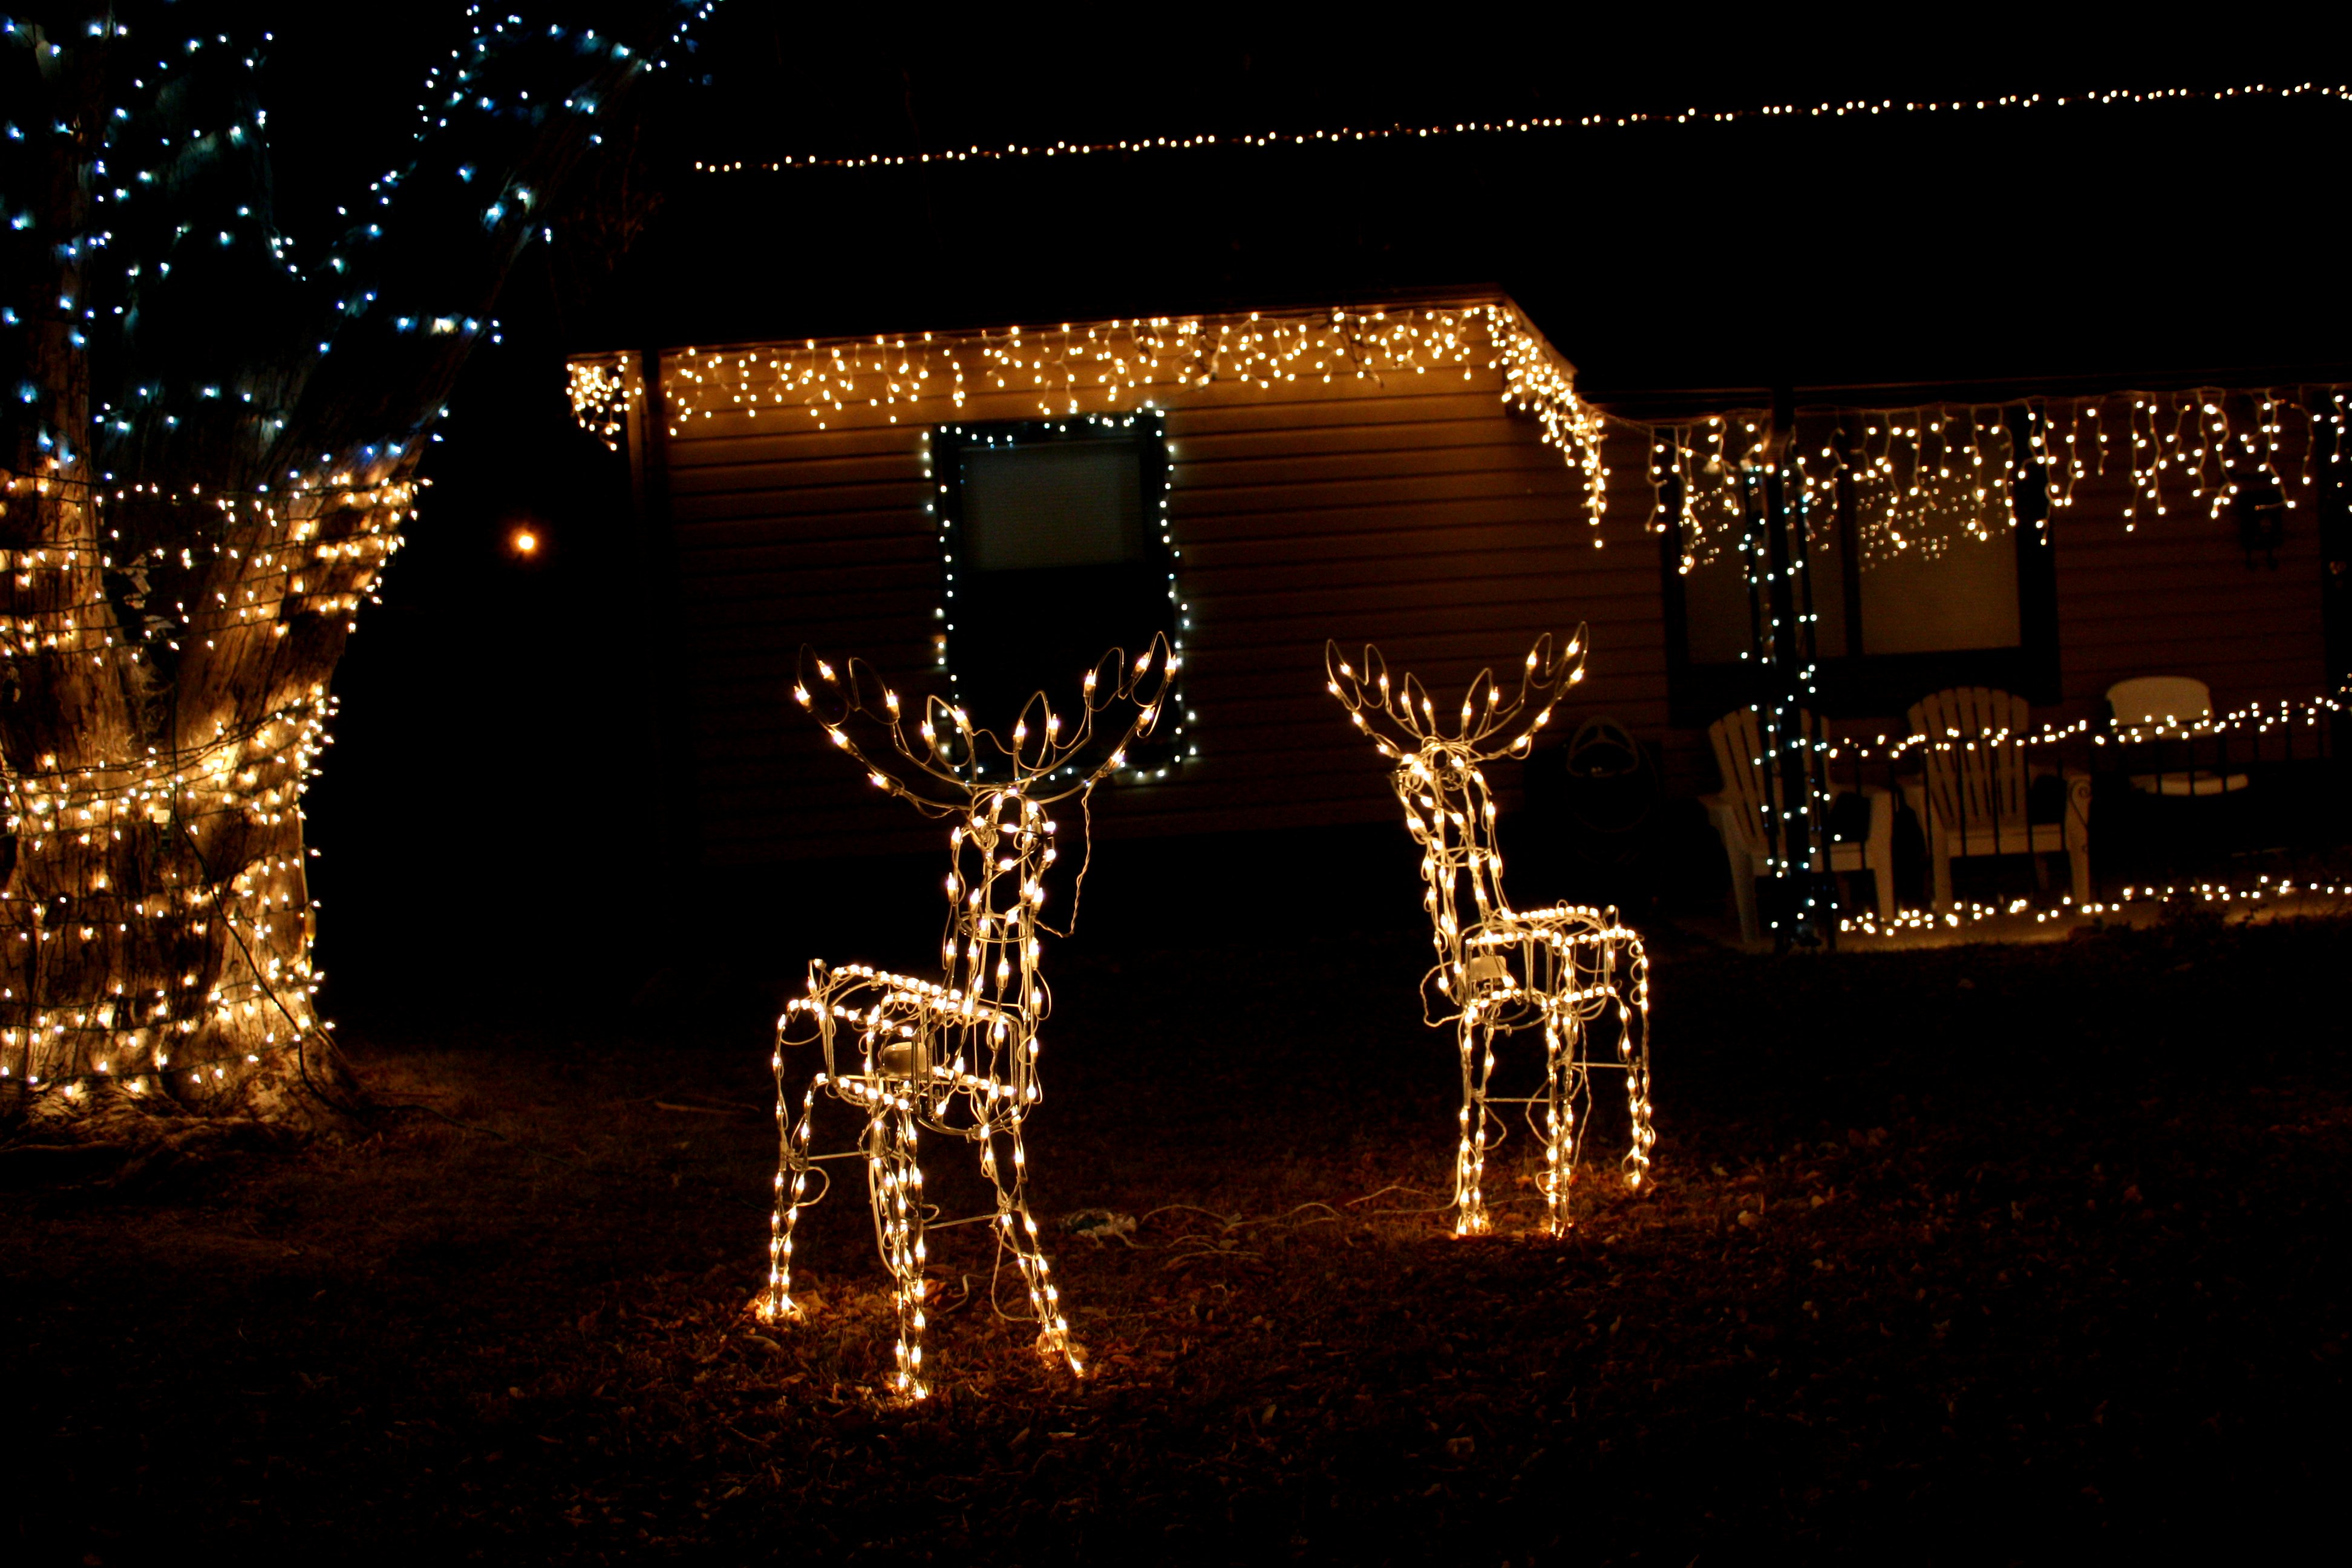 ... lights including holiday icicle lights and two lighted reindeer
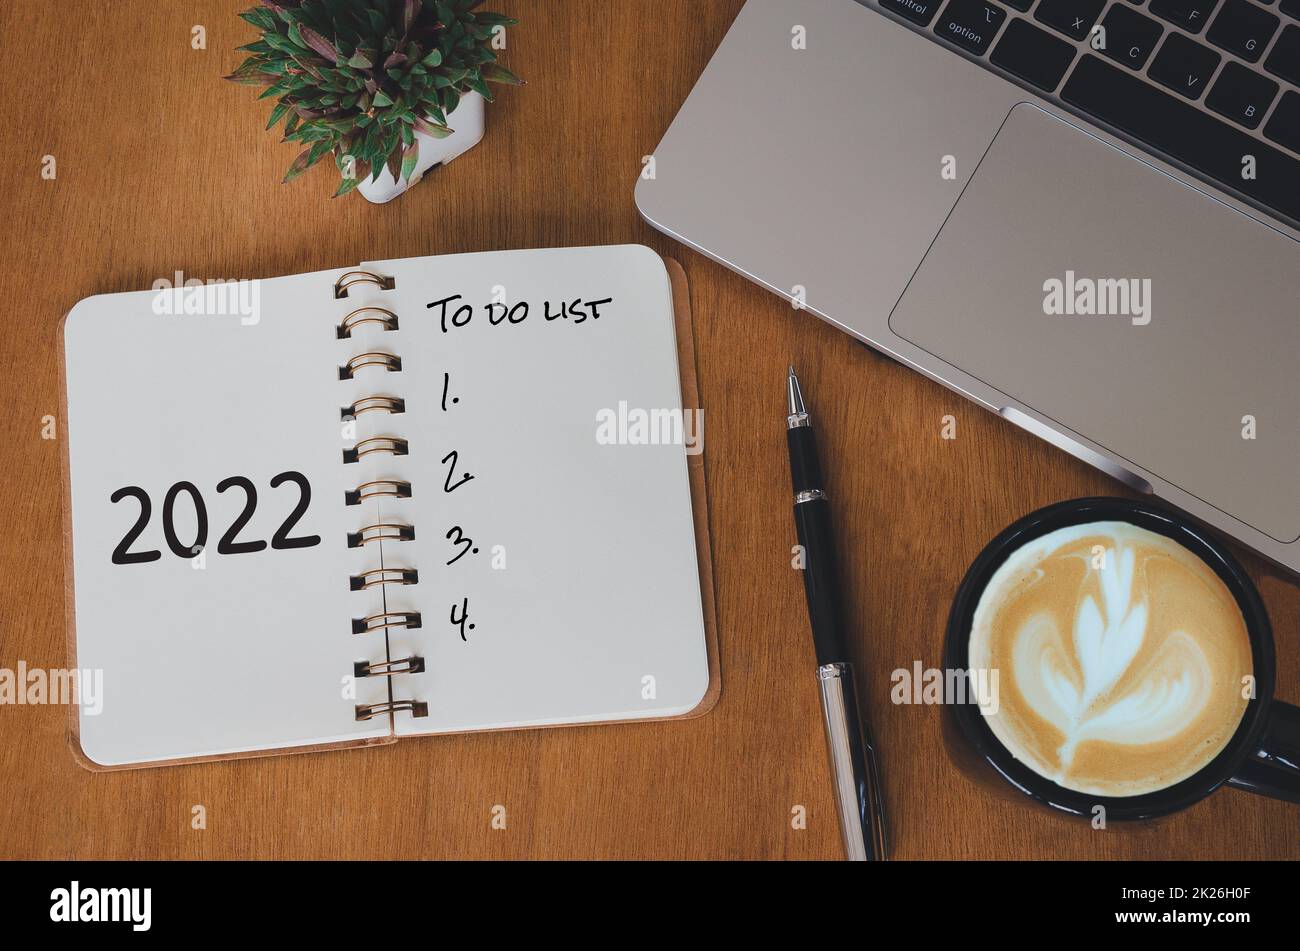 computer laptop Notebook and pen and cactus with coffee cup on desk.Top view to do list 2022 new year. Stock Photo
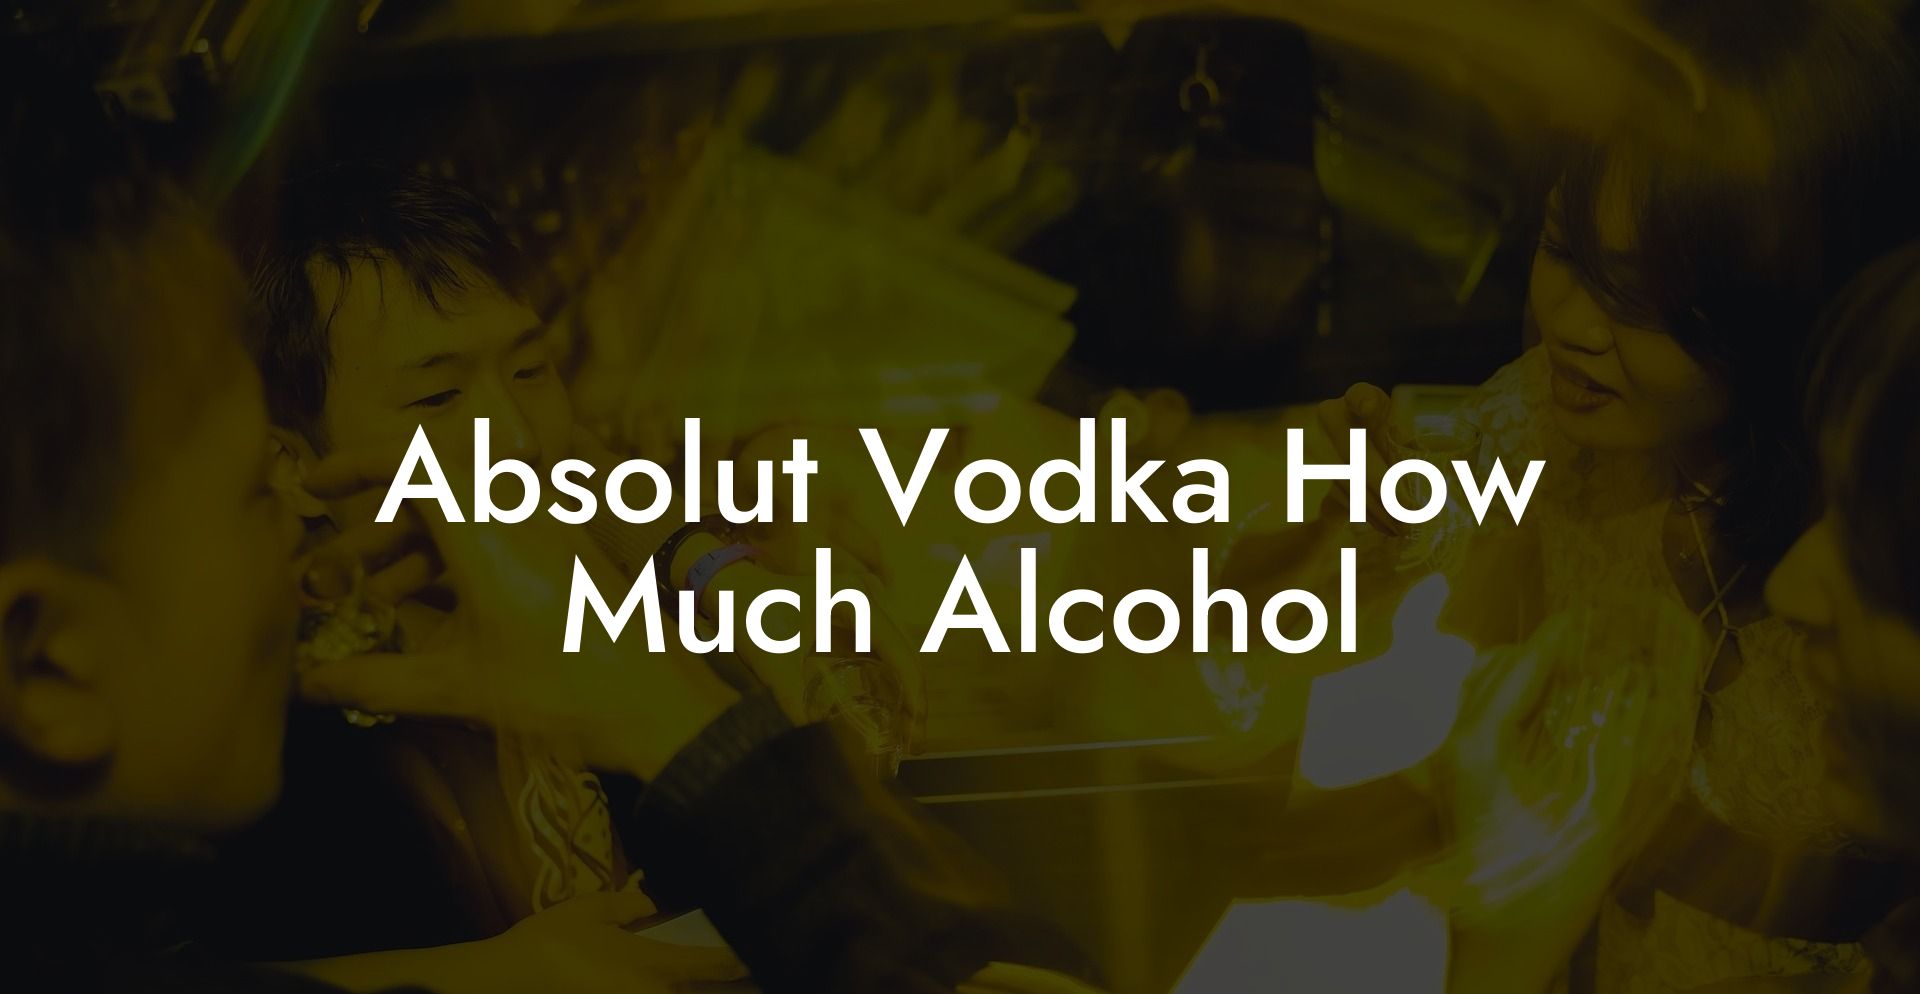 Absolut Vodka How Much Alcohol

» TASK OBJECTIVE
In the listing above, transcribe exactly the lines from the line containing "computer laptop Notebook" through the last one, both included, but not the pictures.

» PROBLEM SOLUTION
 computer laptop Notebook and pen and cactus with coffee cup on desk.Top view to do list 2022 new year. Stock Photo
 Absolut Vodka How Much Alcohol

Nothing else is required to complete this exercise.